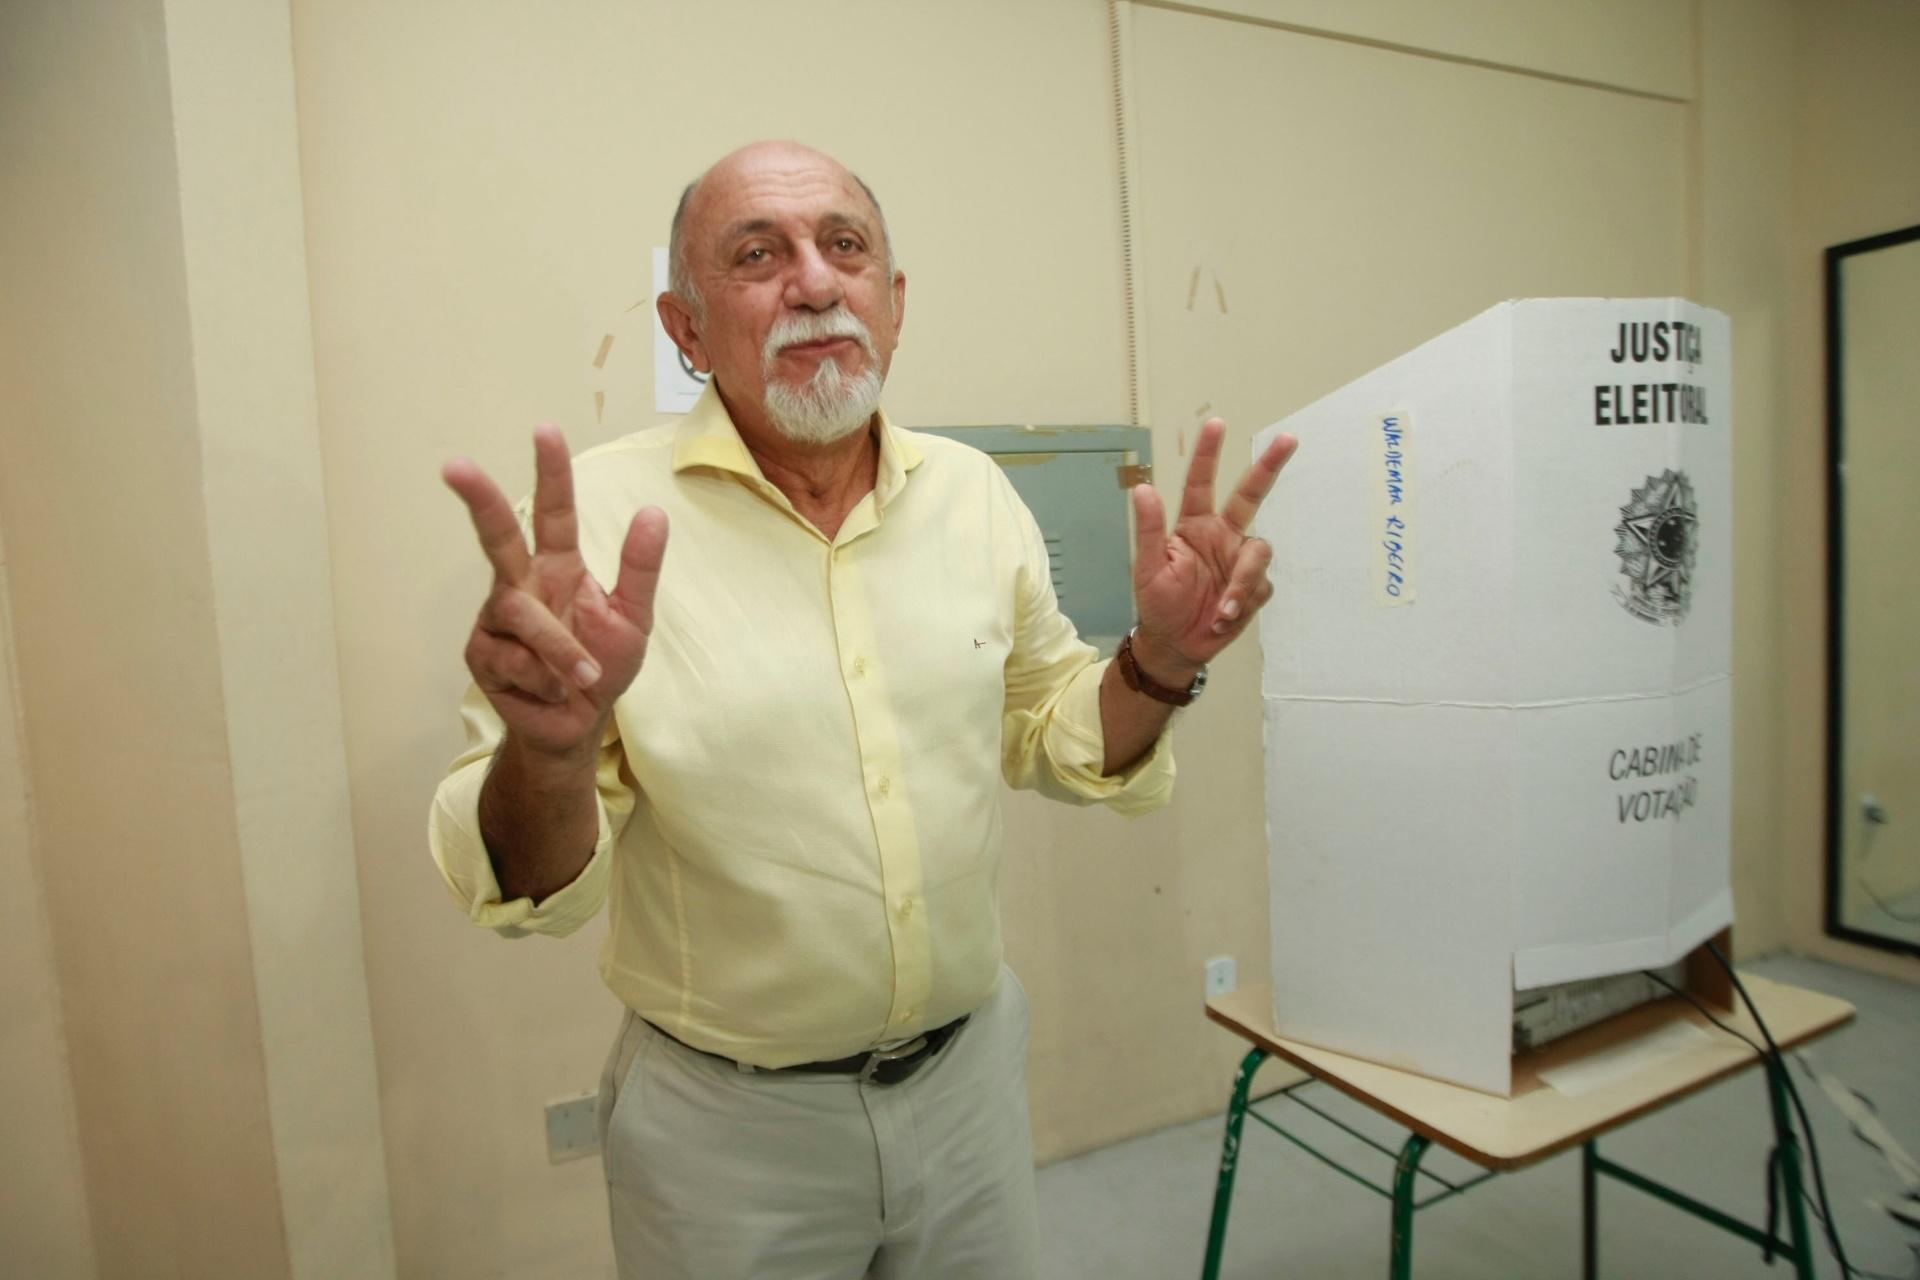 26.out.2014 - O governador do Pará e candidato a reeleição pelo PSDB, Simão Jatene, votou na manhã deste domingo (26) no bairro do Umarizal, em Belém. Jatene está empatado nas intenções de voto com o candidato do PMDB, Helder Barbalho, segundo a pesquisa Ibope
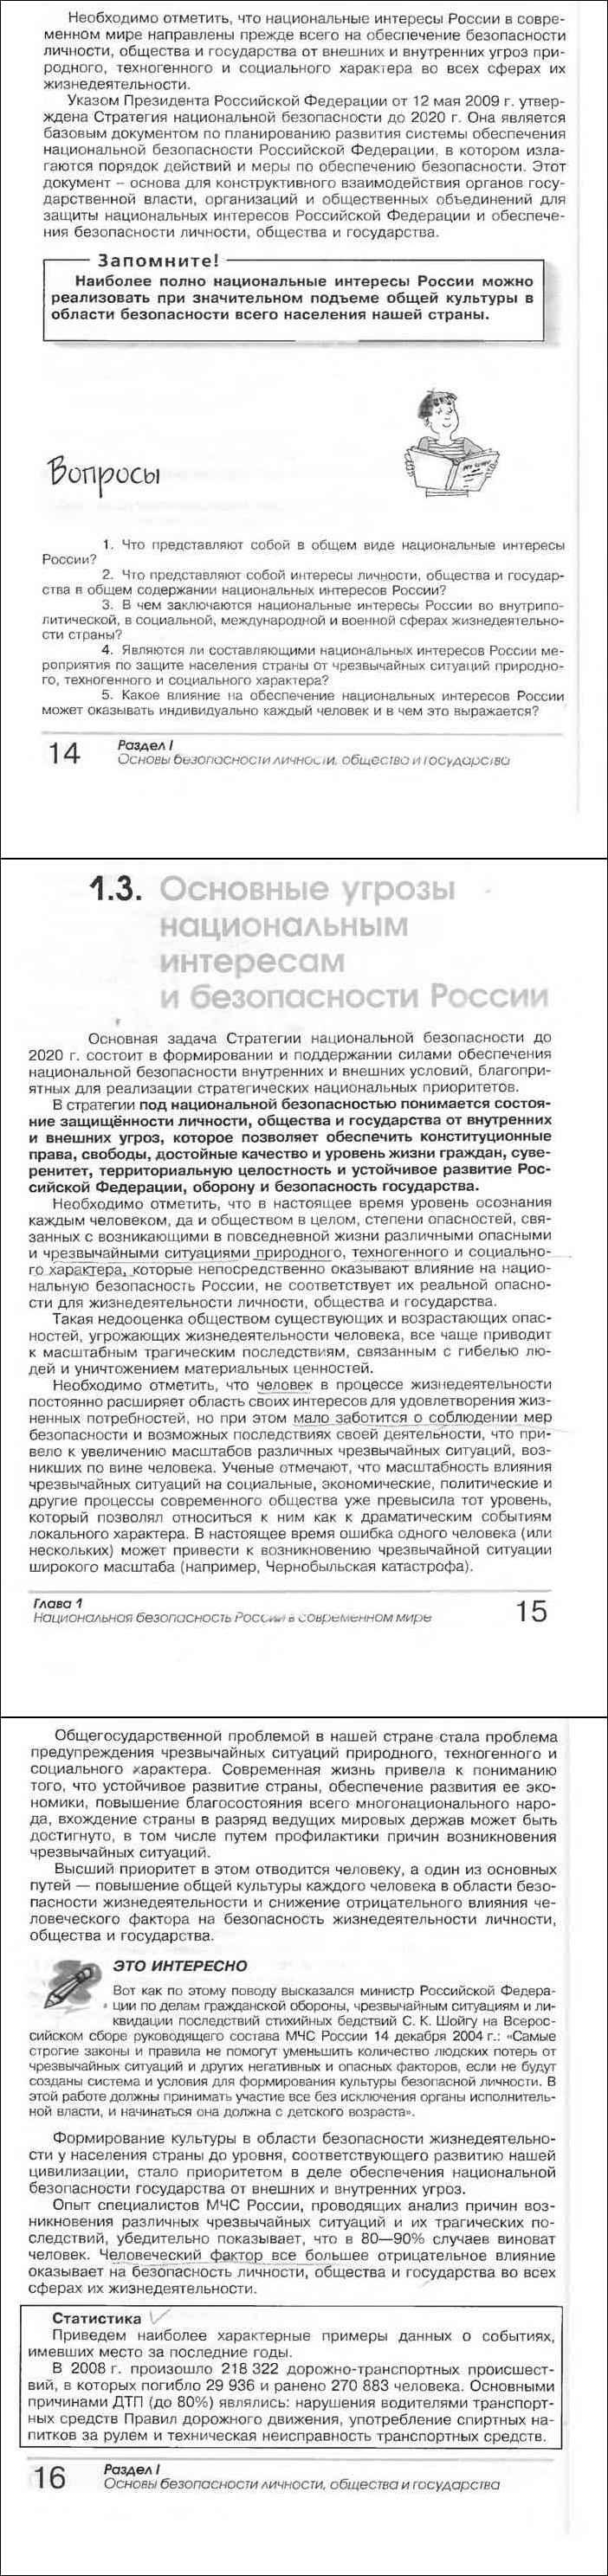 военные угрозы национальной безопасности россии кратко
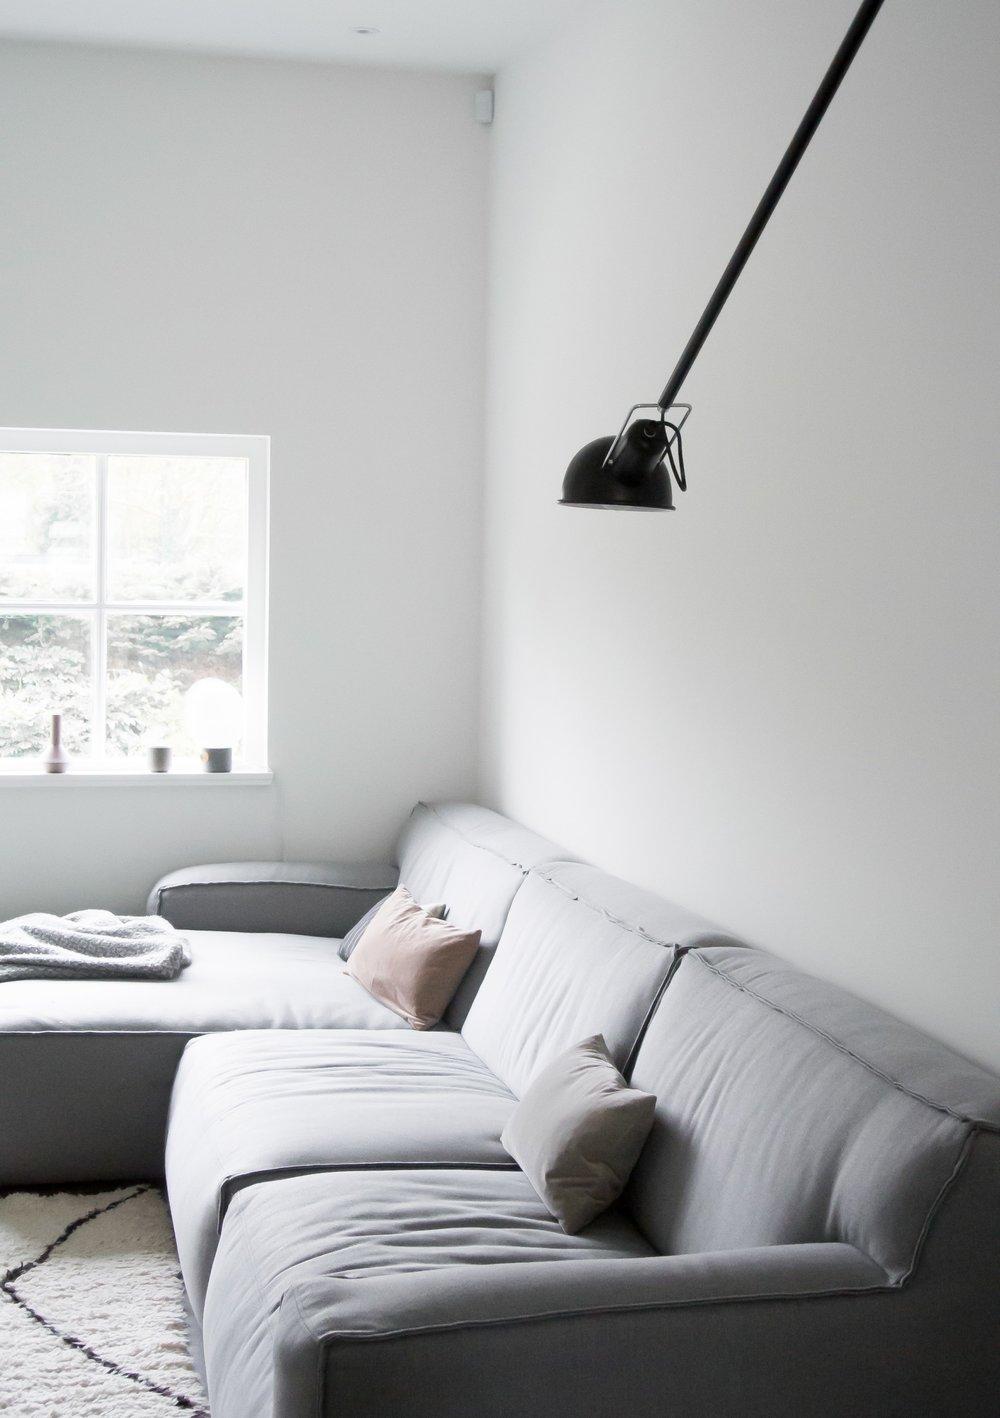 Flow wall lamp design aprilandmay at home
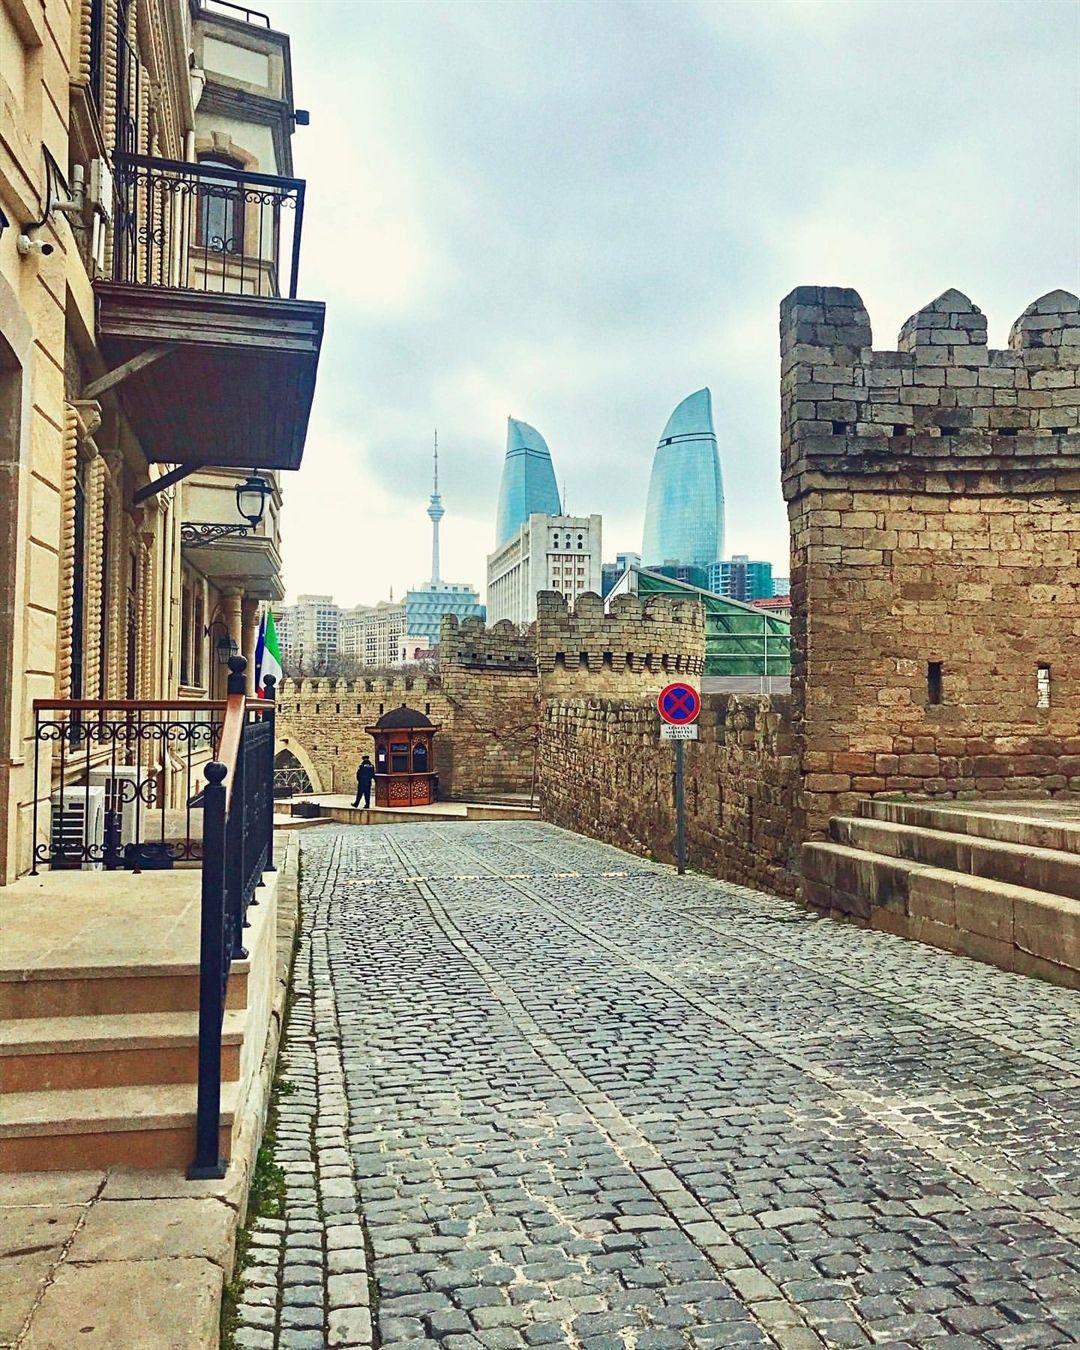 Old City Icheri Sheher Baku What A Contrast Baku Azerbaijan Visitazerbaijan Travelbaku Triptoazerbaijan Old City Baku City

****

(GOAL OF THE EXERCISE): Could you return the listing above exactly, minus its pictures?

(RESPONSE):
 26.out.2014 - O governador do Pará e candidato a reeleição pelo PSDB, Simão Jatene, votou na manhã deste domingo (26) no bairro do Umarizal, em Belém. Jatene está empatado nas intenções de voto com o candidato do PMDB, Helder Barbalho, segundo a pesquisa Ibope
 военные угрозы национальной безопасности россии кратко
 Flow wall lamp design aprilandmay at home
 Old City Icheri Sheher Baku What A Contrast Baku Azerbaijan Visitazerbaijan Travelbaku Triptoazerbaijan Old City Baku City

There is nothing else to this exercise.